Twin Star Quilts and Peppermint Tea
Her mother always told her she stitched too quickly, but Eliza never cared. Her mother told her many things about herself she had long since learned were false. But now that she had her own household, it did not matter how quickly she stitched and how she pinned her hair and what she cooked and how much work she did every day.
She liked to believe she was more industrious than her mother, but as soon as that thought pleasured her mind, she pricked her finger with a needle and she was reminded of the sinfulness of pride.
"Serves you right, you arrogant woman," she chided herself, sucking on the injured finger so it did not stain her precious linen backing. That was something else her mother would scold her about if she saw. But at least Eliza could point out that she had two twin star quilts and her mother had none, because her mother could hardly sew a button.
"And there's pride again," she sighed, taking a sip of peppermint tea.
It was grown in her own garden, a lovely little sunny spot of the yard she had planted her first year of marriage. Will had teased her over it.
"Flowers and frippery all of it," he snorted. "Not even a vegetable garden."
But after he came down with a horrid influenza and Eliza stayed up every night nursing him with teas made from the very herbs in that "frippery," he said not a word against it again. He even helped her with it, which pleased Eliza indeed. Once she'd even heard him boasting of it in town to the other men.
"My wife's the smartest woman in the county," he said. "Has a garden full of herbs for any illness. Saved my life during the flu of '09."
Will was a fine man. He didn't smoke nor chew like the other men in town, and he never drank and he read the Word every day and led his household like a real man. He took fine care of her, too. Eliza always pitied the women at the quilting group who bemoaned their men who never came home for supper and who drank their money away and slept till the noon while the women did all the work. No, Will worked hard—harder than she did—and if they ever were short of food it was he who silently snuck the last tidbits onto her plate and refused seconds, even if Eliza argued that he needed it more for the plowing and the care of stock.
"You're my wife, and you're more important than I, love, so don't you try to persuade me out of it," he'd laugh, and give her a kiss.
And now he had even more excuse, for the baby inside her he had to protect as well as her, so Eliza had given up protesting. But they weren't short of food much anymore since their work had paid off and the farm prospered; only in the last days of winter when the storage was running low did they have to watch the servings.
But there would always be herbs a-plenty, and fresh peppermint for warm summer days like this one when she wanted a refreshing tea to keep her sharp for the complicated task of making her second twin star quilt.
The first she had made for her hope chest, not so long ago, when she was expecting to be married. It was blue and cream, since both she and Will favored blue, and it sat on their bed now. It was beautiful enough, though more juvenile work, the stitching somewhat untidy and a few of the corners not quite matched. But still Eliza saw it with pride, because it carried the hopes of a girl waiting to be married to the love of her life, hopes that had matured into the contentedness of a woman happy with her husband and her hearth and her home.

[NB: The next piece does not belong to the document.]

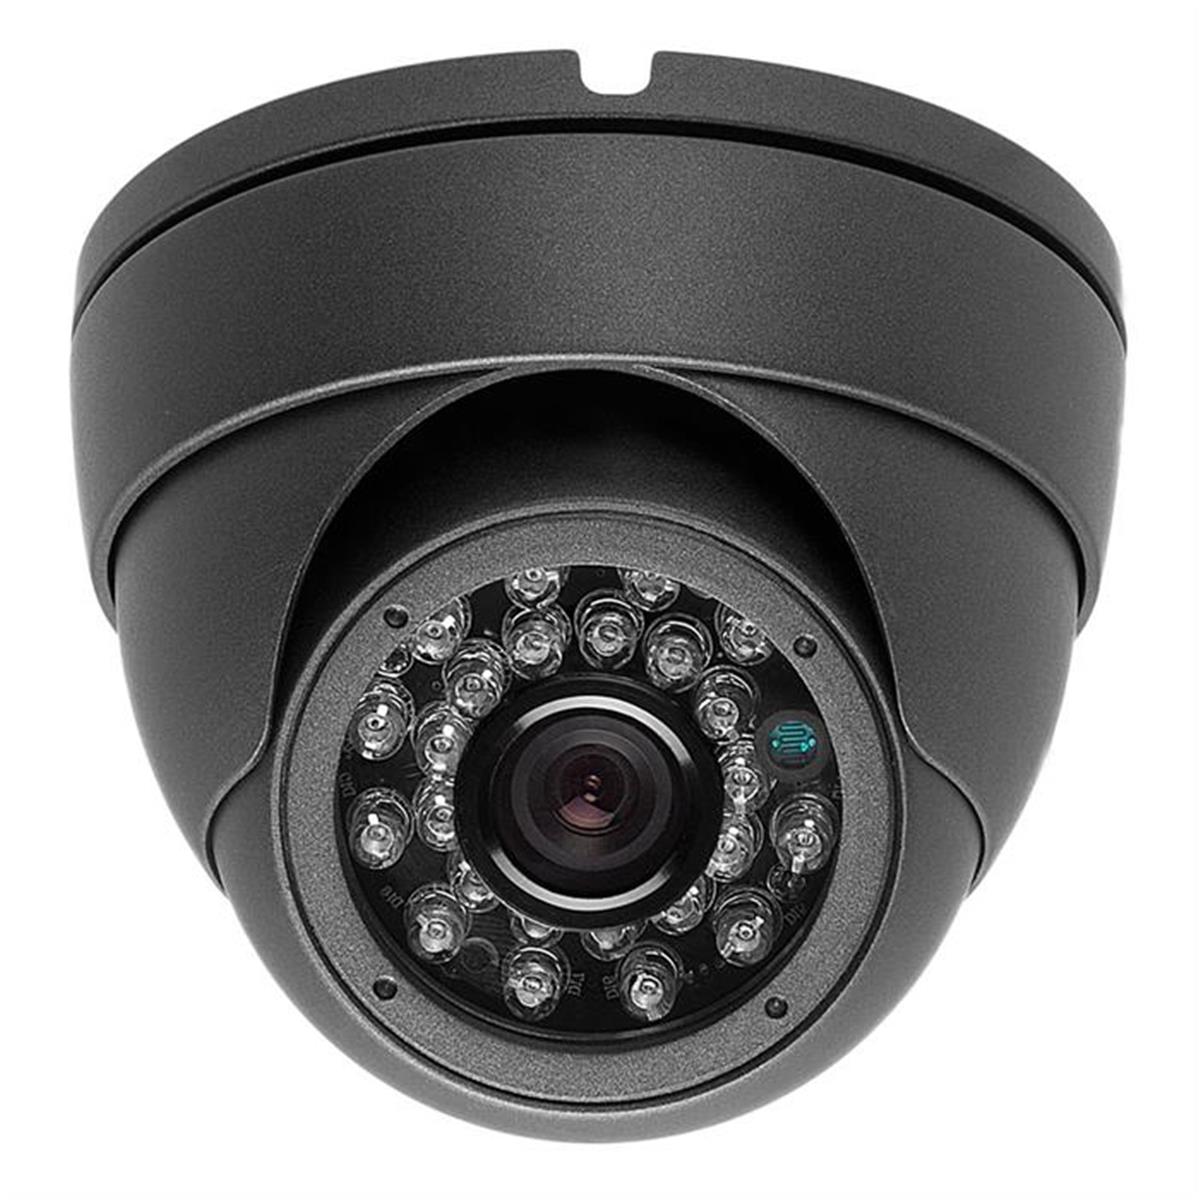 1271-n 700tvl 3.6 Mm Dark Gray 24ir Cctv Surveillance Indoor & Outdoor Security Dome Camera
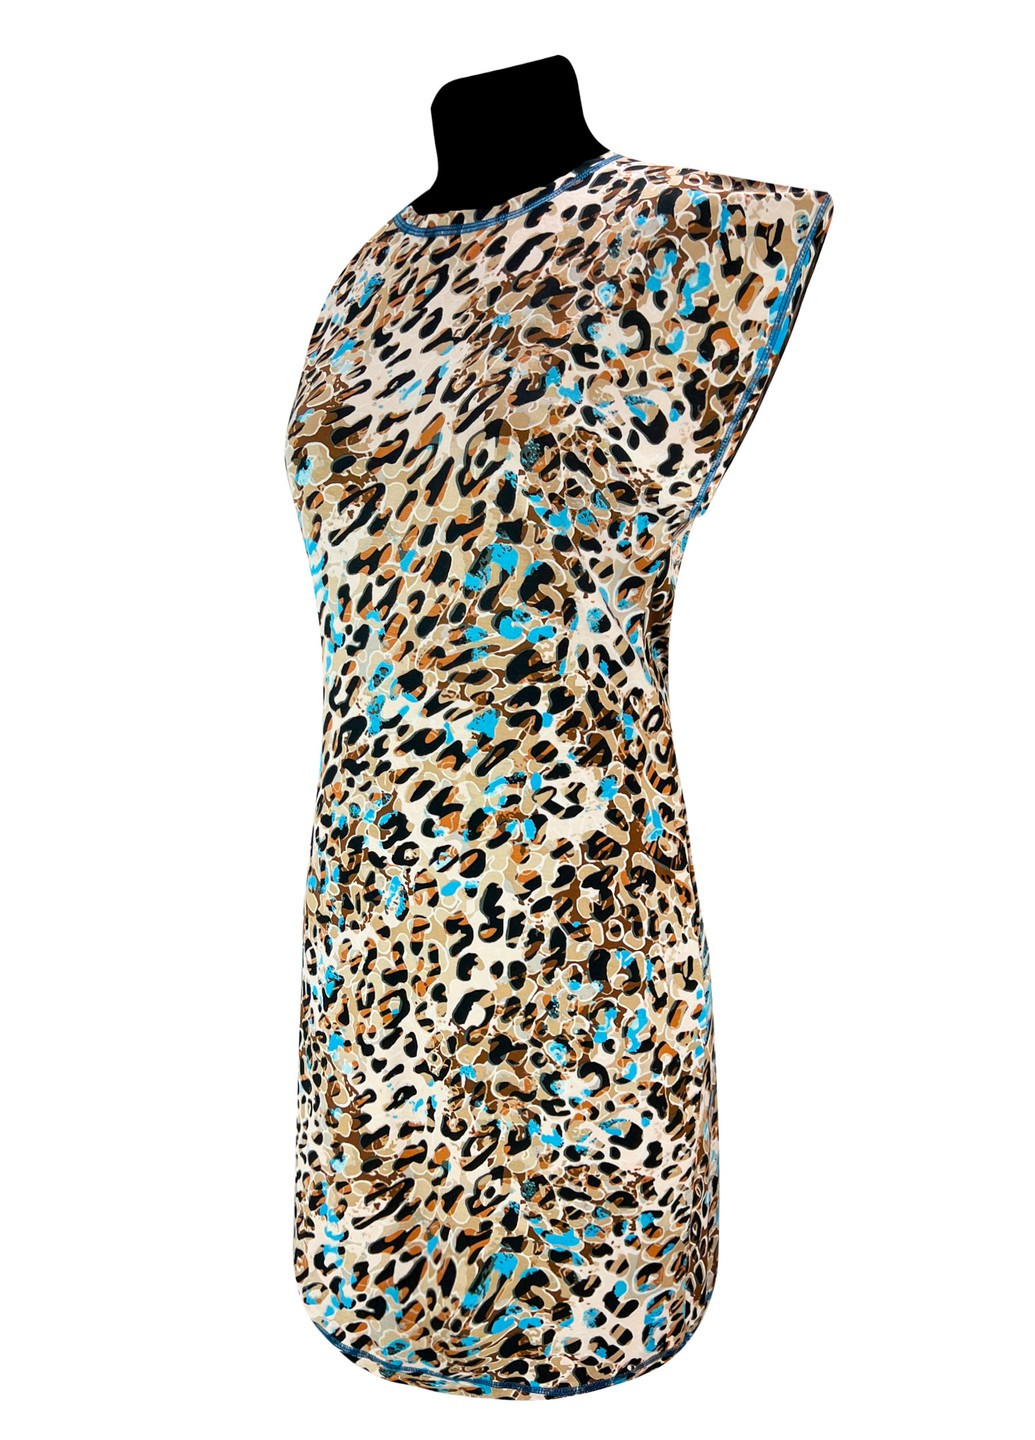 Голубое повседневный платье батал вискоза леопард Жемчужина стилей леопардовый

She fanned herself with a copy of the ladies' magazine after she finished the last stitch of a square. The summer sun seemed to stifle her in the house, and she wondered whether it would be better outside.
"Likely not," she thought with another sip of peppermint tea, the tanginess making her think of spicy autumn days and pumpkins and golden corn ready for harvest. The baby would be born then, too, right after the harvest. She hoped it would not be so close to the harvest; she didn't want to make herself a nuisance and set Will to fretting when he needed to be working. But she'd counted back and she suspected it would be near the harvest.
"I despise being a bother," she groaned, taking another swig of tea to settle her nervous stomach at the though. The baby kicked as if in protest, and she patted her stomach, leaning back with a sigh. "You're not the bother; I'm the bother if I'll be abed all through harvest with everyone fussing over me and your papa fretting every moment about such things that he knows nothing about."
But she smiled nonetheless, at the thought of a baby in the cradle before winter, a baby to see the vibrancy of autumn, to laugh and cry and make the house a bit fuller than it was before. This thought calmed her, and she curled up in the chair for a rest, her eyes drifting shut wearily as she waited and the sweet smells of linen and sweet summer grass and tangy peppermint tea lulling her to sleep.
just you and me.
Perhaps we will see,
what is meant to be.
Oh, peppermint tea,
just you and me.
Just you and me,
sipping our peppermint tea.
I open up the vintage tea box from the cabinet. One bag left. Peppermint Tea. I boiled tthe water. It rushed in the kettle like the ocean. I got out a mug from my grandmother. Fine china. Inscribed it said, "Save me a seat at your wedding". I was single still. Twenty-five, and my grandmother had passed three years ago. I pour the tea and set out an empty up next to mine. I like to think she is sitting beside me sometimes, but the glass is always empty. The lights dim in my apartment as a storm brews outside. The peppermint sharpens my senses and for an instant I felt I could see her, reaching for me. But it vanishes as the phone rings. I answer to the sound of her breathing. Grandmother. I hang up, startled. I go to the cabinet where my empty tea box is, and reach for it. I open it up and gasp. The once empty tea box was now filled with my peppermint tea. There was a note. It read, "Don't forget the honey." Next to the tea bags there was a jar of clover honey. Peppermint tea, what else can you do?
Tea, why so different?
(Sorry it shifts POV's a lot. Just how I write sometimes.)
Opening the lid, H moved over to deposit the tea cube into the pot. He moved so steadily, moving with grace and the speed of years. Cee was in the living room where she was sitting with Lily, Kurai, and Hikari. Lily was splayed with both paws up in the air and Kurai and Hikari were wrapped around Cee. a small table just a few inches off the ground was right next to her. The t.v. in front of them displayed one of their favorite anime. playing in the background. A half finished model was set on the floor. Its bright colors a contrast to the dark of the dogs. Movement from the kitchen caught her eye as she saw H move around the blind Vulture, Kuroi Shin'en. he moved over and set himself down next to her holding 2 cups of tea. She took the one closest to him and smelled it. She took a sip and scrunched up her face.
"what don't like mine?"
"I'm not too fond of ghost pepper tea."
He gave her the other tea. She took a sip and smiled.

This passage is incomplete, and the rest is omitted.